One of the most important steps in the hearing process is to provide Social Security with updated medical records prior to your hearing.  Social Security requests medical records after the application and reconsideration appeal are filed.  But, what if, after Social Security requests medical records, you undergo a surgery, get a new diagnosis, or start seeing a new doctor? These medical records need to be added to your file prior to the hearing so that they can be considered.

  1. Update Your Social Security File

Not updating your Social Security file prior to a hearing is one of the most common hearing mistakes we see.  Identifying what might be missing from your Social Security file is important.  For example, on review, you might find that your file does not contain medical records from a certain doctor.  If those medical records are relevant to your claim, they need to be requested and provided to Social Security prior to your hearing.  You do not want the Judge to make a decision without having the opportunity to review all important records and documents.

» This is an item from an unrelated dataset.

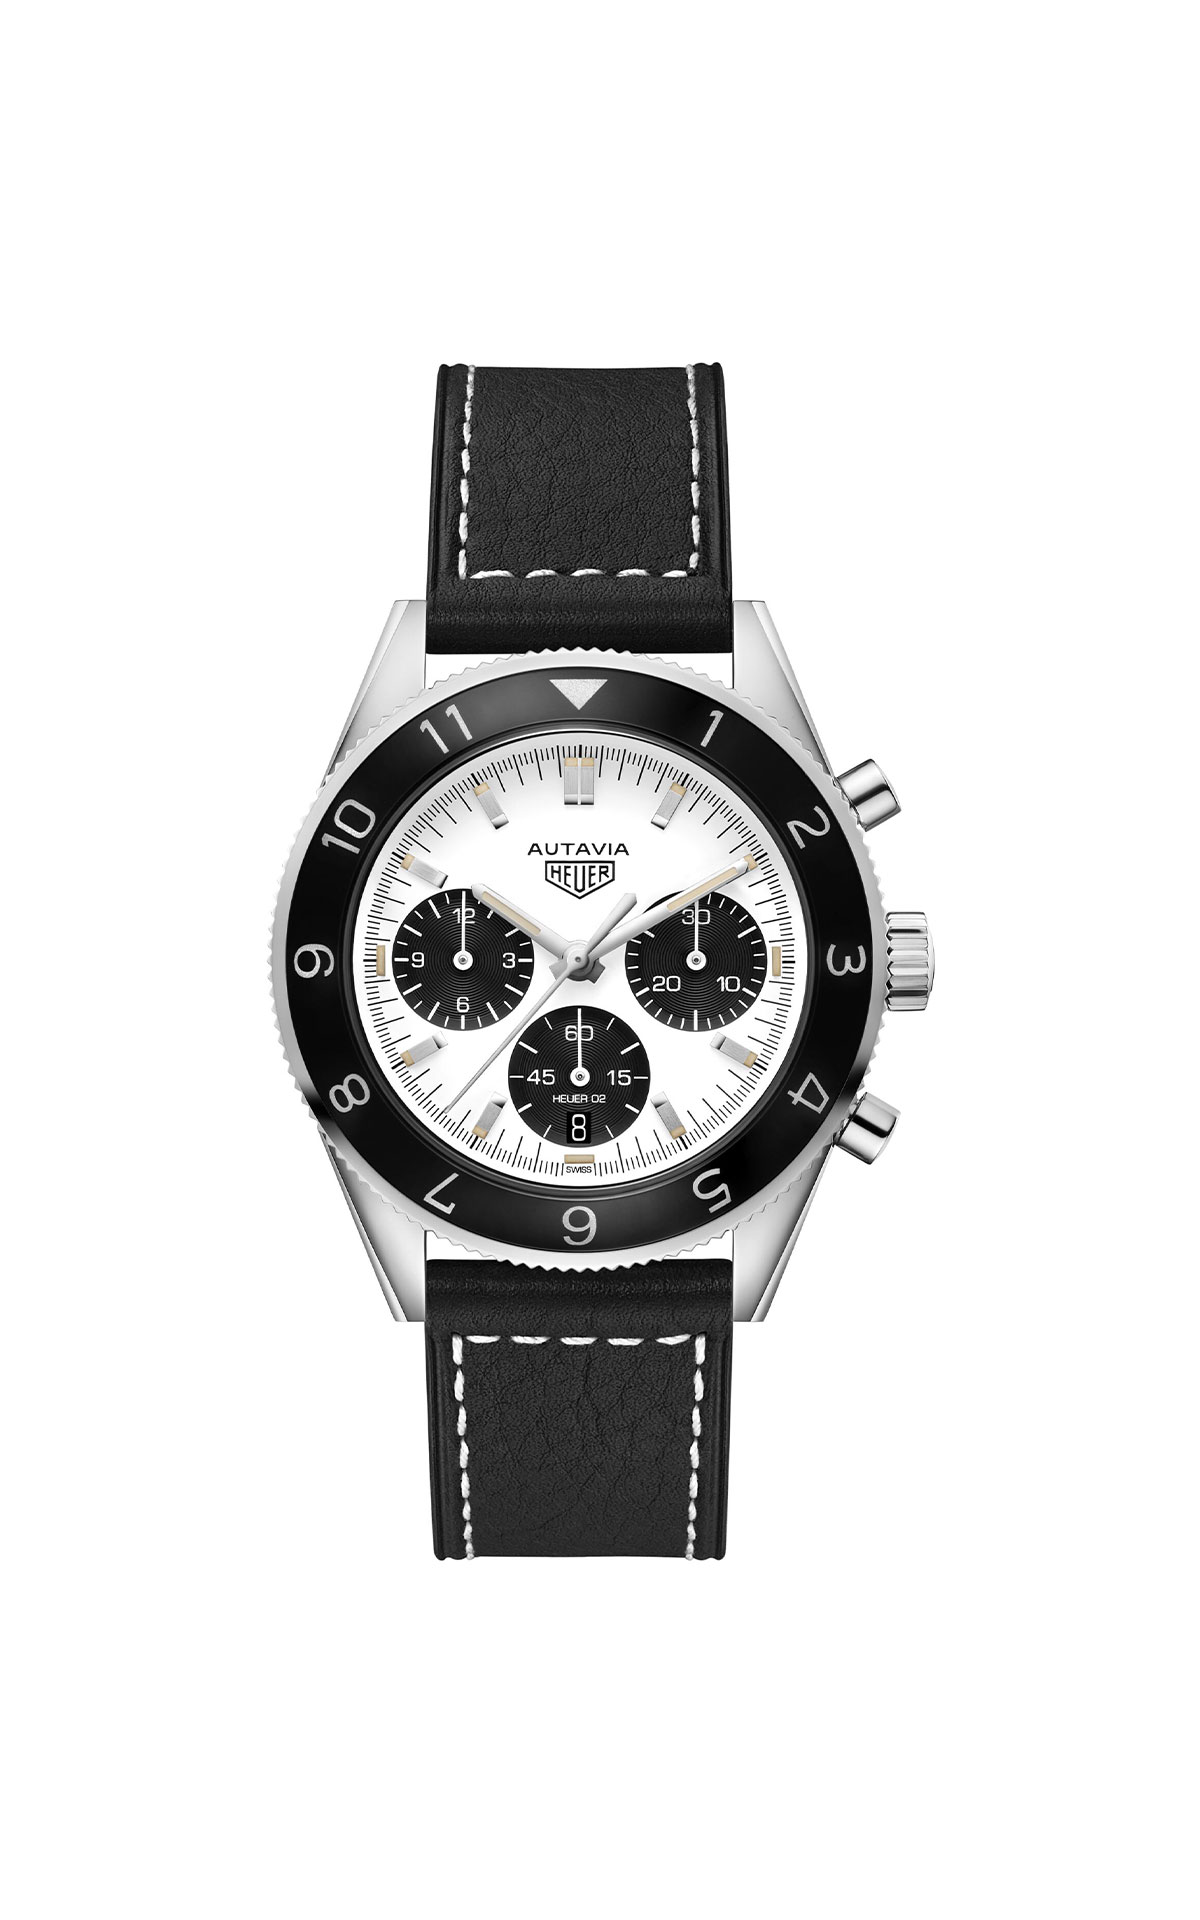 TAG Heuer Heuer autavia calibre heuer 02 leather strap from Bicester Village
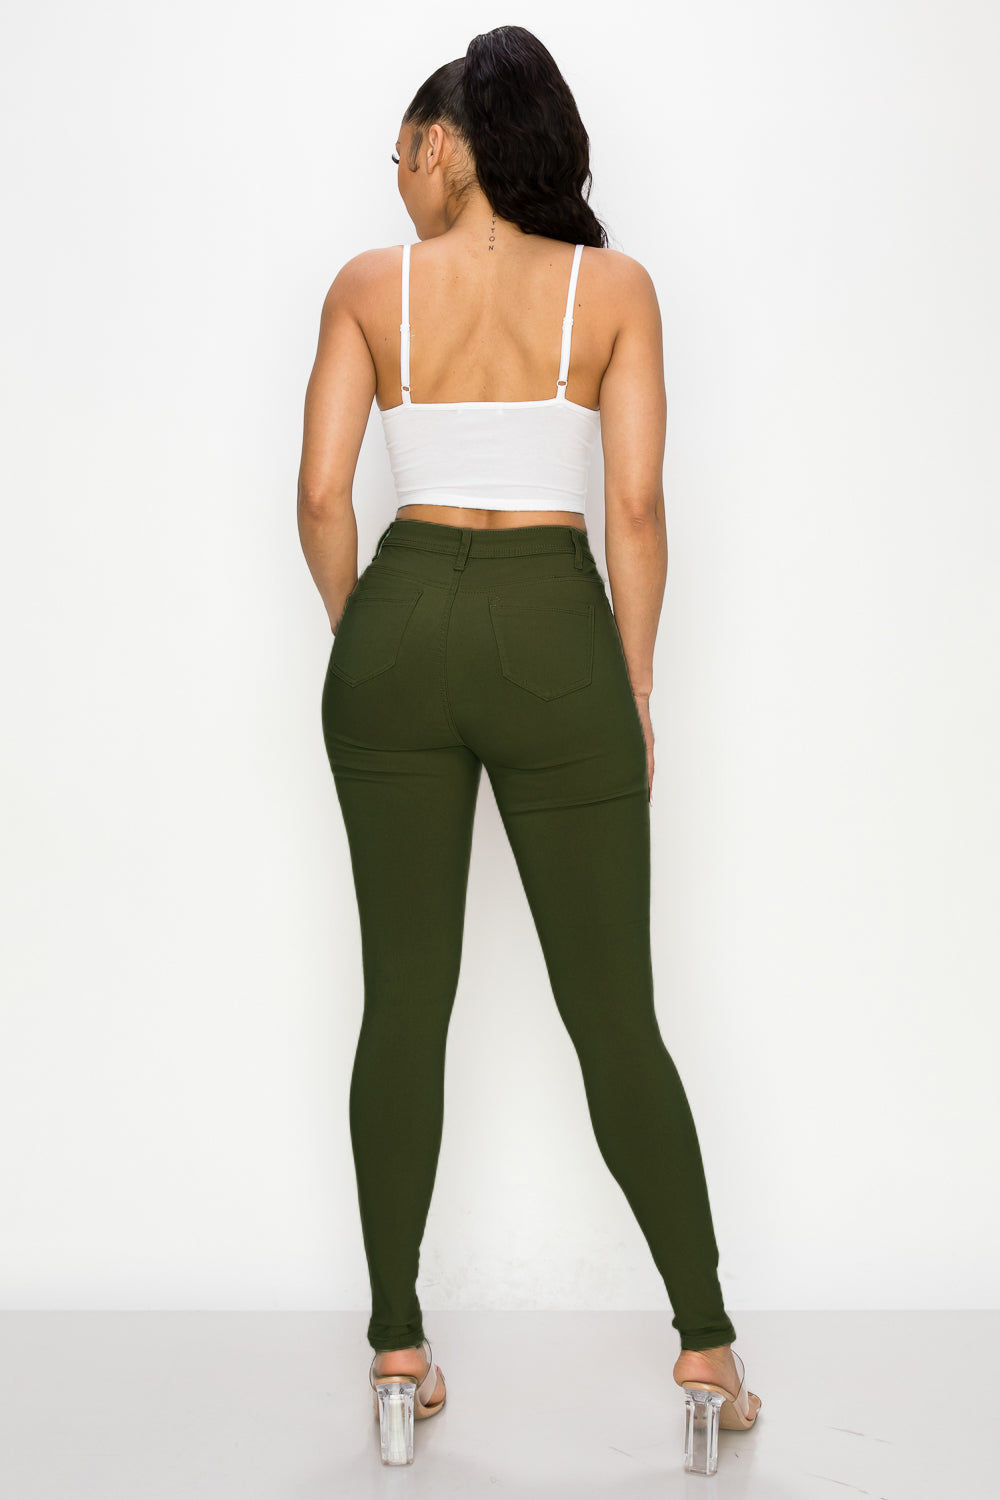 HIGH WAISTED COLORED SUPER-STRETCH OLIVE - FASHION LOVER JEANS BRAND

  1. Review Your Claim and Hearing Testimony

In the weeks and days leading up to your hearing, review your work history, medical treatment, and limitations.  Think about the specific symptoms that are keeping you out of work and about the difficulties you are having with tasks at home, such as difficulties preparing food, doing yardwork, or cleaning.  These subjects are bound to come up at the hearing, and it is helpful to think and talk about them prior to the hearing.  Also, your assigned Judge can ask you about your work history going back fifteen years from your alleged date of disability.  You should refamiliarize yourself with these details so that you are prepared for work-related questions are your hearing.  There might also be certain Social Security regulations that apply to your particular case.  Knowing these regulations can help focus your preparation.

  1. Hire an Attorney

The Social Security disability process, including the hearing stage, can be stressful, confusing, and overwhelming at times.  An attorney who has experience handling Social Security disability claims will work to help you through the process.  Your attorney will not only be there for you prior to your hearing but also during and after the hearing.  Prior to a hearing, we conduct a detailed review of each file, prepare a letter brief to the assigned Judge, and discuss the file and hearing process, in detail, with our clients.